In that sense the failure of Fjordbank is more of the same. According to independent research firm CreditSights, Finansiel Stabilitet has given Fjordbank’s assets a preliminary valuation of DKK 7.8bn (€1bn) — which would cover about 74 per cent of senior liabilities. In other words, investors in the bank’s senior debt and the 450 or so deposit holders of Denmark’s €100,000 limit are looking at a haircut of about 26 per cent — somewhat lower than Amagerbanken’s 41 per cent.

Don’t be fooled by the repetition, however. There had been some talk of the Danish government backing off burdensharing for senior bank bondholders, or at least making it easier for healthy banks to buy troubled ones, after a spate of ratings downgrades and rising funding costs. But with the take-over of Fjordbank Mors it looks like Denmark is fully set on senior losses, at least for this small bank.


----------



## andycole (27 Jun 2011)

Can I ask if this means that people with deposits of under 100K will also suffer a 26% haircut e.g. 100k - 26%?

I thought in Denmark all deposits were covered up to the 100k?

Question answered - looks like only people with deposits of over €100,000 will get hit by the 26% haircut?
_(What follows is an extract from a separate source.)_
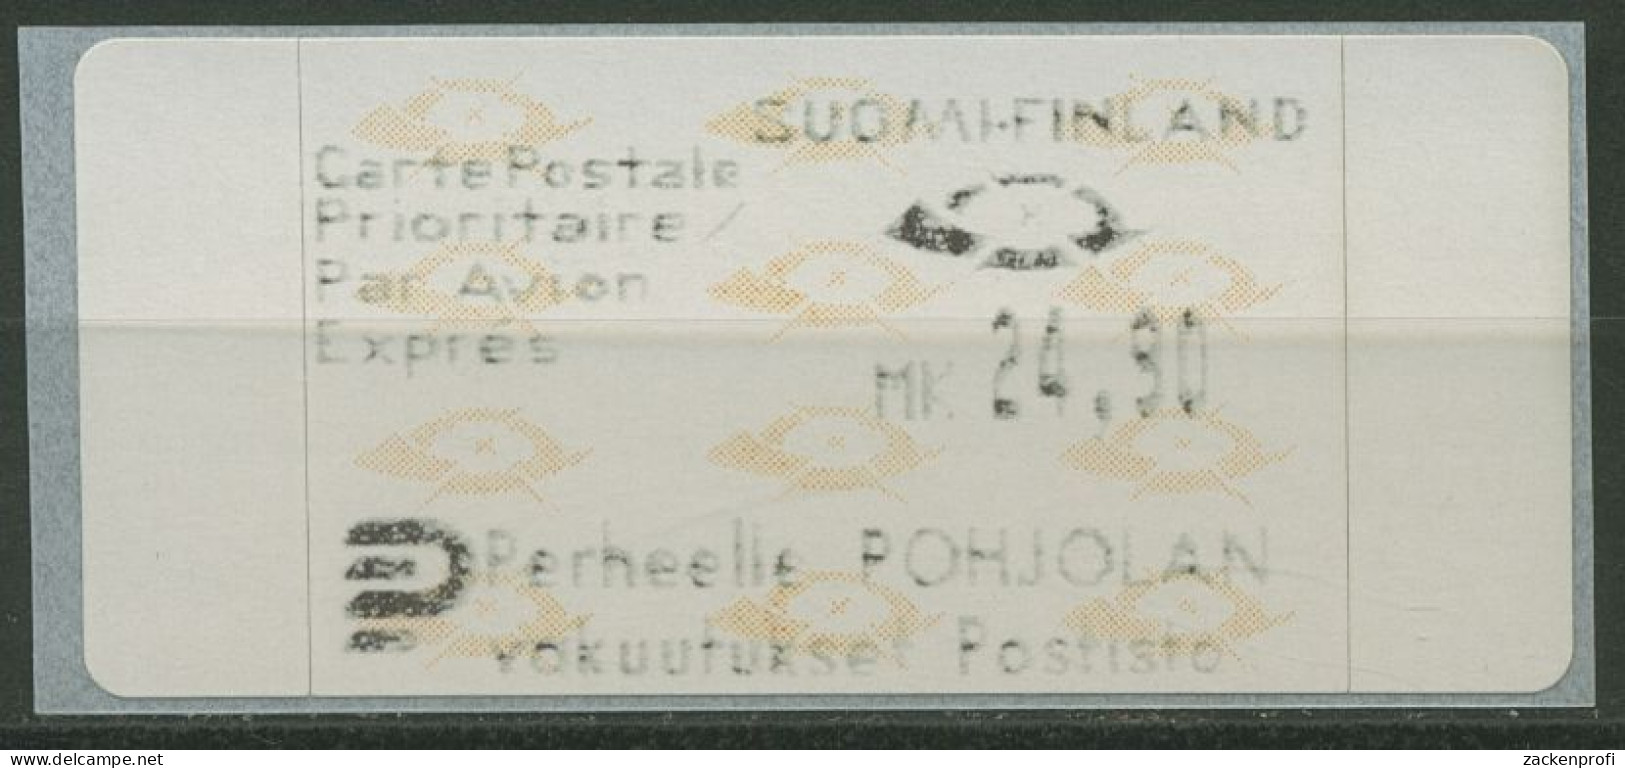 Finnland Automatenmarken 1992 Posthörner Einzelwert ATM 12.3 Z4 Postfrisch - Timbres De Distributeurs [ATM]

'Creditors, including depositors with deposits exceeding €100,000 in Fjordbank Mors must therefore anticipate losses of approximately 26% as the bank closes,' the FSA said.


----------



## andycole (27 Jun 2011)

link - http://www.rte.ie/news/2011/0627/denmark-business.html


----------



## andycole (27 Jun 2011)

andycole said:


> Can I ask if this means that people with deposits of under 100K will also suffer a 26% haircut e.g. 100k - 26%?
> 
> I thought in Denmark all deposits were covered up to the 100k?
> 
> ...



"Creditors, including depositors with deposits exceeding 100,000 euros in Fjordbank Mors must therefore anticipate losses of approximately 26 percent as the bank closes," the FSA said.
"The bank's shareholders will have to acknowledge that their investment is lost, as will the owners of the subordinate liabilities," the FSA said.
Fjordbank Mors said at the weekend that about 450 of its 73,000 customers had deposits in the bank that would not be covered by the 100,000-euro guarantee. link - [broken link removed]


----------



## joe sod (29 Jun 2011)

how safe is national irish bank


----------



## marksa (29 Jun 2011)

joe sod said:


> how safe is national irish bank


 
a lot safer than our domestic banks, its ratings are in the A range even after all the losses borne on the failed Danish banks. NIB is a full branch of Danske


----------



## andycole (29 Jun 2011)

Since 2007 National Irish Bank has been a full branch of Danske Bank which I think is Denmark's largest bank. Its is covered by both the Danish and the Irish Deposit Guarantees. As of February 2001 - [broken link removed]

However as reported recently - http://www.rte.ie/news/2010/1217/nib-business.html
NIB says its debts will remain high for 2011.

Quote "I_n a recent interview, Danske Bank's CEO Peter Straarup said the group was changing its strategy in Ireland, pulling back from high street banking to focus on wealthy and corporate clients.
Danske has already closed half of National Irish Bank's branches nationwide. Straarup repeated that Danske Bank had no wish to sell National Irish Bank, nor try to expand further in the country through acquisitions._" 

Recently Danske Bank has had an argument with Moody's rating agency with regard to mortgages - link: [broken link removed]

Also: http://www.businessweek.com/news/20...asel-moody-s-hurting-danish-covered-debt.html

But I think overall its still maintains an average A Rating unlike every other Irish Bank.


----------



## WizardDr (4 Jul 2011)

How could it be a 'lot safer' if Depositors have coughed up and when there is also currency risk.


----------